All gait data were collected through a VGRF sensor attached to both soles of the foot, and the signal was recorded at a sampling frequency of 100 (100 Hz) per second. Such a high-resolution time signal can accurately capture the distribution and variability of forces within each walking cycle, providing sufficient temporal information for deep learning-based analysis and explainable AI analysis performed thereafter. This dataset was used to comprehensively analyze the walking characteristics of Parkinson’s disease patients from a clinical and biomechanical perspective through comparison with normal controls.

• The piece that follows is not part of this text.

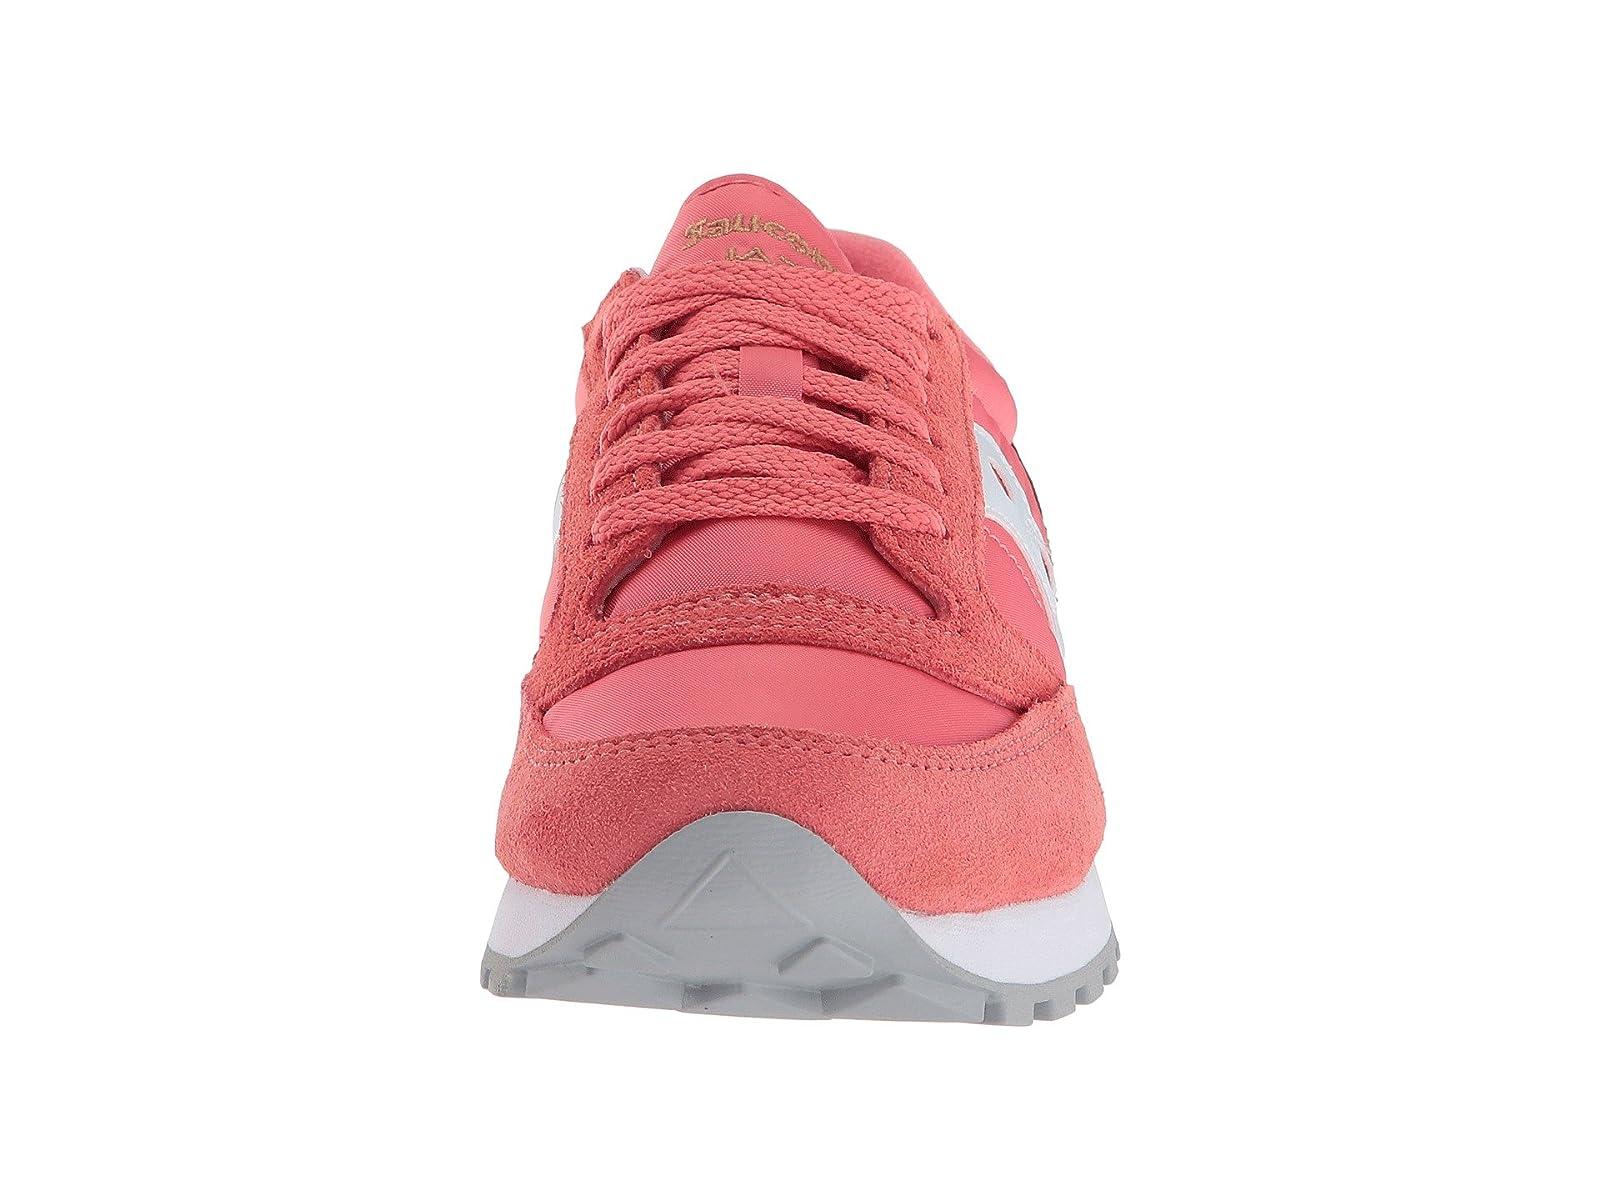 Woman-039-s-Sneakers-amp-Athletic-Shoes-Saucony-Originals-Jazz-Original thumbnail 29

3.2. Subject-Wise Parkinson’s Disease Binary Classification Performance
Parkinson’s disease binary classification performance was evaluated based on the subject-wise iterative data segmentation strategy, and data from the same subject were strictly controlled so that they were not included in the learning and evaluation stages at the same time. This evaluation strategy is intended to prevent performance overestimation due to overlapping subjects between training and verification data and to more reliably reflect generalization performance in real clinical settings.
As shown in
Table 2, all three models recorded an average AUC of 0.93 or higher, confirming that Parkinson’s disease patients and normal controls can be effectively distinguished. Accuracy, sensitivity, and specificity also showed an overall balanced level, and stable classification performance was observed throughout the repeated experiments. In particular, the FCNN-Transformer model showed the highest discrimination performance with an average AUC of 0.940, and the BiGRU-Attn model showed relatively small standard deviation, showing excellent performance stability throughout repetitive segmentation.

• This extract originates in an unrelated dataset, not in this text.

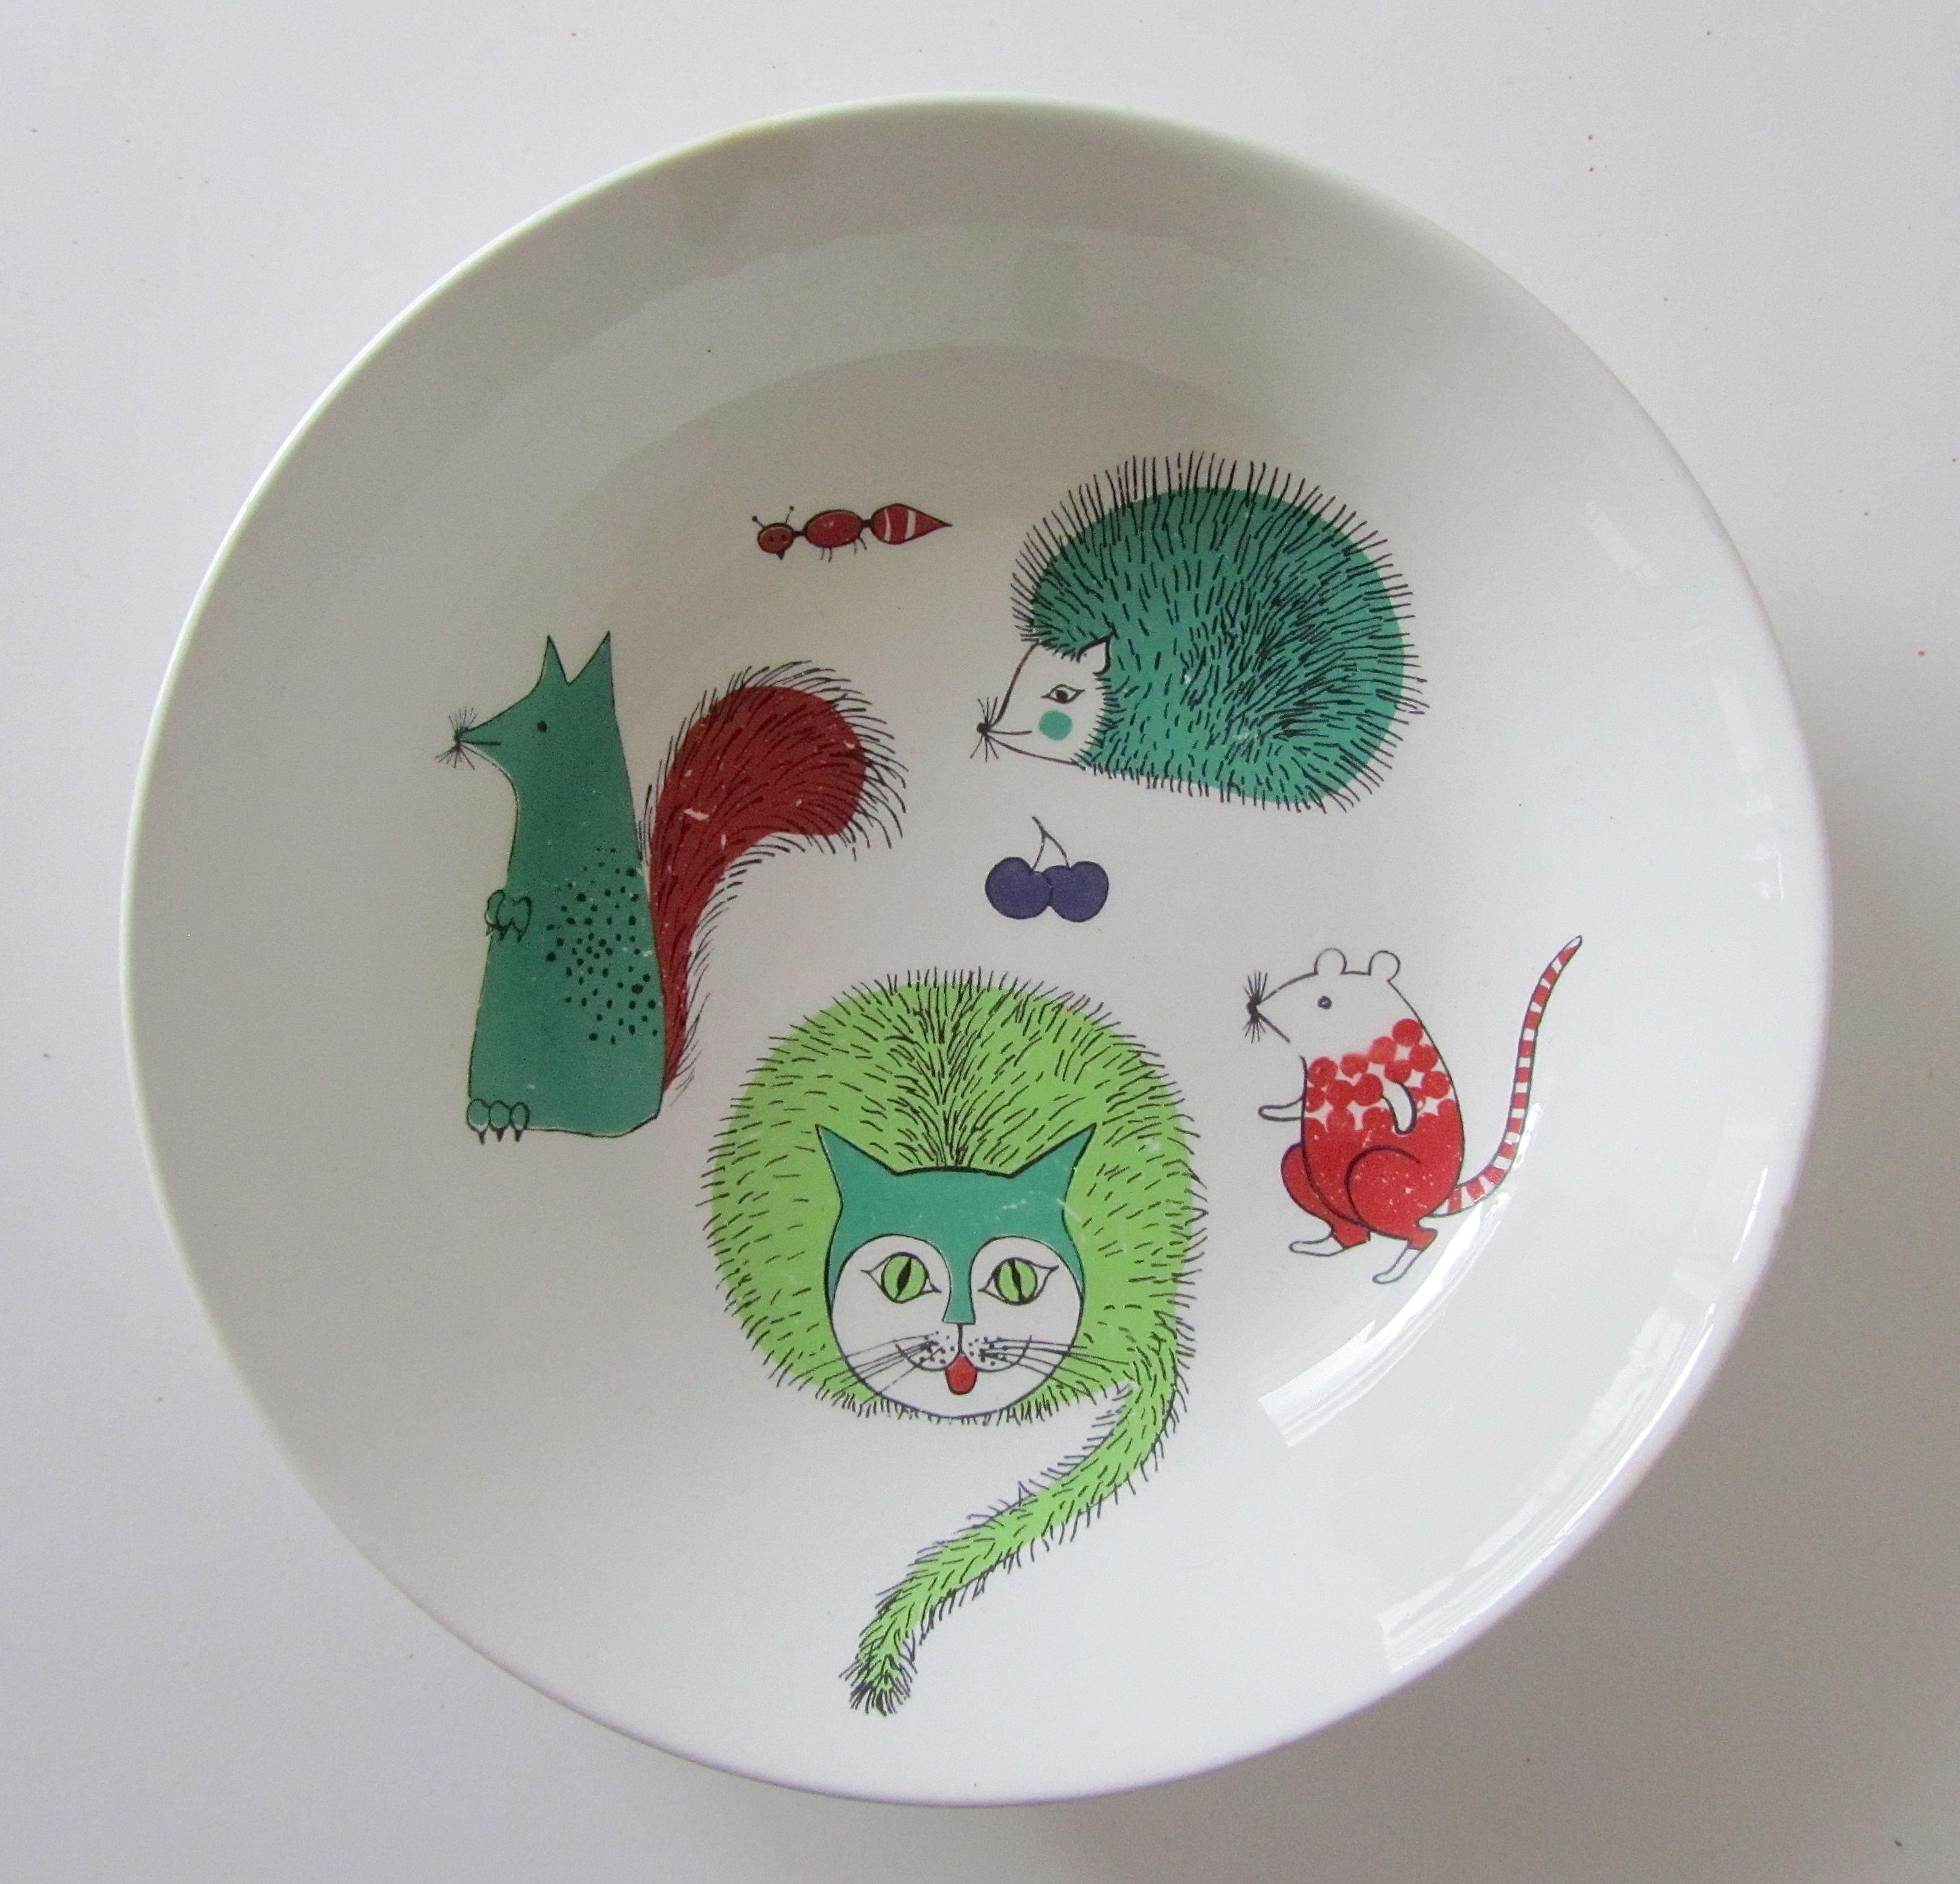 Pin By Tuuli Roth On Retro Romu Creative Kids Plates Creative

In order to evaluate the statistical reliability of the model performance more quantitatively, a 95% confidence interval (95% CI) was calculated for the AUC value obtained in the repeated experiments. As a result, the AUC of the FCNN-Transformer model was 0.940 (95% CI: 0.912–0.968), the BiGRU-Attn model was 0.934 (95% CI: 0.917–0.951), and the TCN model was 0.934 (95% CI: 0.881–0.987), confirming that all three models stably maintained a clinically meaningful level of discrimination performance.
In addition, to evaluate whether the performance difference between the FCNN-Transformer model and other models was accidental, a paired Wilcoxon signed-rank test was performed on the AUC value obtained from the same subject-wise segmentation. As a result, the FCNN-Transformer model showed a statistically significantly higher AUC compared with the TCN model and the BiGRU-Attn model (p < 0.05, respectively). This means that the performance excellence of the FCNN-Transformer model was consistently maintained throughout the iterative segmentation.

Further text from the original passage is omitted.